If you know you’ll be visiting at least three times in the future, you may be able to save money by purchasing a longer ticket and adding the No Expiration option. Use some days now and some on future trips, and benefit from the discounted per-admission cost and the locked-in price.
The 10-day Magic Your Way tickets are usually the best deal for those who “buy and hold” tickets as described above.
- An adult 10-day Magic Your Way ticket with Park Hopper and No Expiration costs $770.00 including tax. (You can get one for quite a bit less through Undercover Tourist.) That is actually more than the cost of buying two 5-day Magic Your Way tickets with Park Hopper for two different trips. The value comes in if you use it for multiple short trips. For example, if you use it for three trips (two trips of 3 days and one trip of 4 days) those three tickets with Park Hopper would cost $1023.48 at current prices. If you use it for five 2-day trips, those five tickets with Park Hopper would cost $1294.00 at current prices.
- For those who like to visit the water parks and/or DisneyQuest, an adult 10-day Magic Your Way ticket with Park Hopper and Water Park Fun & More plus No Expiration costs $796.62 including tax. (You can get one for quite a bit less through Undercover Tourist.) Again, that’s slightly more than the cost of two adult 5-Day tickets with the Park Hopper and Water Park add-ons. However, two 3-Day and one 4-Day tickets with the Park Hopper and Water Park add-ons would cost a total of $1123.58. The value comes in if you use it for more than two trips. However, with the Water Park add-on, those vacations could be longer, because you can have up to a total of 20 days of fun with the ticket (10 major theme park days + 10 water park/DisneyQuest/etc. admissions). For example, you could take one 6-day and two 7-day vacations on that one ticket! See below for tips on how you can get a lot of value out of the Water Park Fun & More add-on.
If a 10-day No Expiration ticket will not fully cover your ticket needs for at least three vacations, it is not a good buy. If you will have to “supplement” it by purchasing another 1-, 2- or 3-day ticket for one of your vacations, it will cost you more than just buying separate tickets for each vacation.

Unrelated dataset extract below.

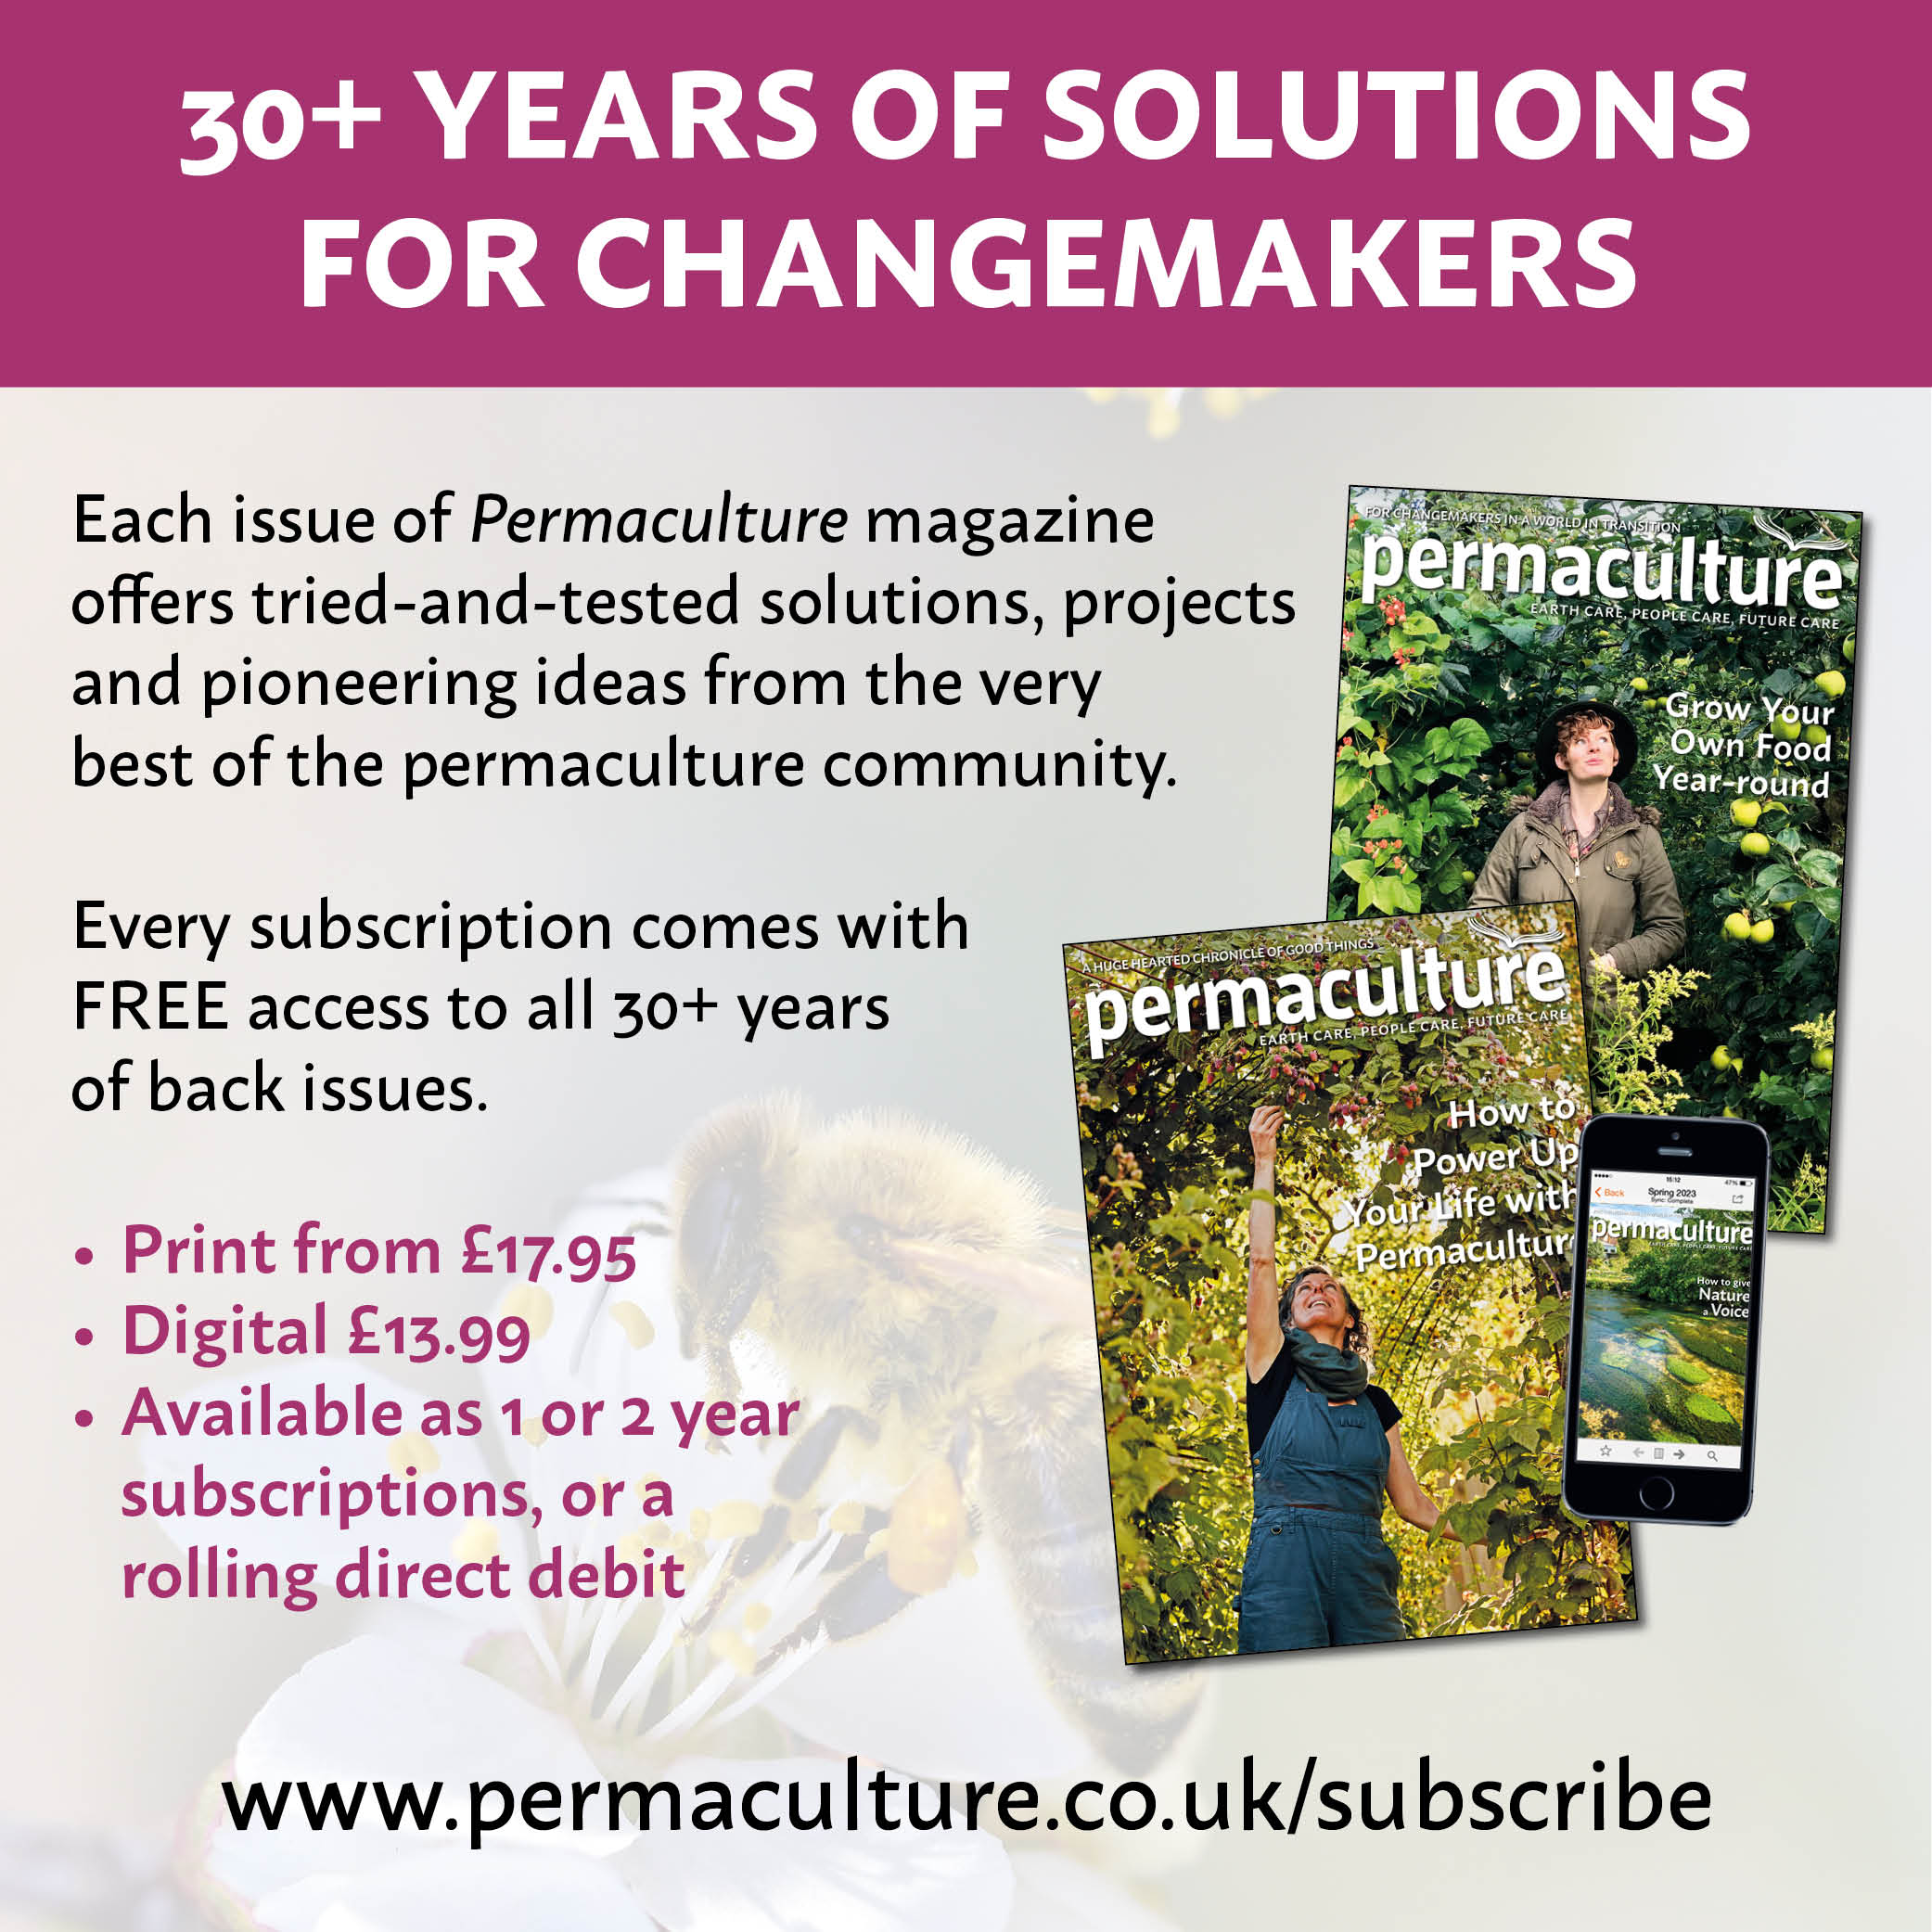 Each issue of Permaculture magazine offers tried-and-tested solutions, projects and pioneering ideas from the very best of the permaculture community. Every subscription comes with FREE access to all 30+ years of back issues.

Important note: it is difficult to find out how many theme park days and water park admissions remain on a ticket until you arrive at Walt Disney World and check with Guest Services, so it’s important to keep track of this information if you are going to use the tickets during multiple trips. I put a sticky note on each ticket and write down how many theme park days and water park admissions remain.
If you are a repeat visitor to Walt Disney World and you like to use “No Expiration” tickets over the course of multiple visits, be aware that the “No Expiration” option was removed from the ticket booth signs at Disney World, though you can still have the option added at the ticket booths if you ask for it specifically.
Disney says this is to avoid “confusion” and that the option is not very popular. Hmm, I wonder how popular it will be now that almost no one knows it exists? I suspect Disney plans to phase out the option eventually. In any case, your only options for buying “No Expiration” on your Walt Disney World tickets are to go to the ticket booth and ask for it, to buy tickets online or to buy from a licensed ticket vendor such as Undercover Tourist.
- For the best prices on No Expiration tickets, check out Undercover Tourist.
The Water Park Fun & More option gives you a certain number of “visits” to the water parks and/or DisneyQuest (as well as other options, most of which are less valuable). It can be added to any Magic Your Way ticket.
Water Park Fun & More “visits” DO NOT have to be used on the same day as your main theme park admissions! They are completely separate admissions and they are good for 14 days from the first use of your ticket (or forever, if you purchase the No Expiration option). For example, you could buy a 7-Day Base Ticket, add the Water Park Fun & More option (which gives you 7 water park or DisneyQuest admissions), and use that ticket on up to 14 different days! You can visit the theme parks and the water parks/DisneyQuest in any order.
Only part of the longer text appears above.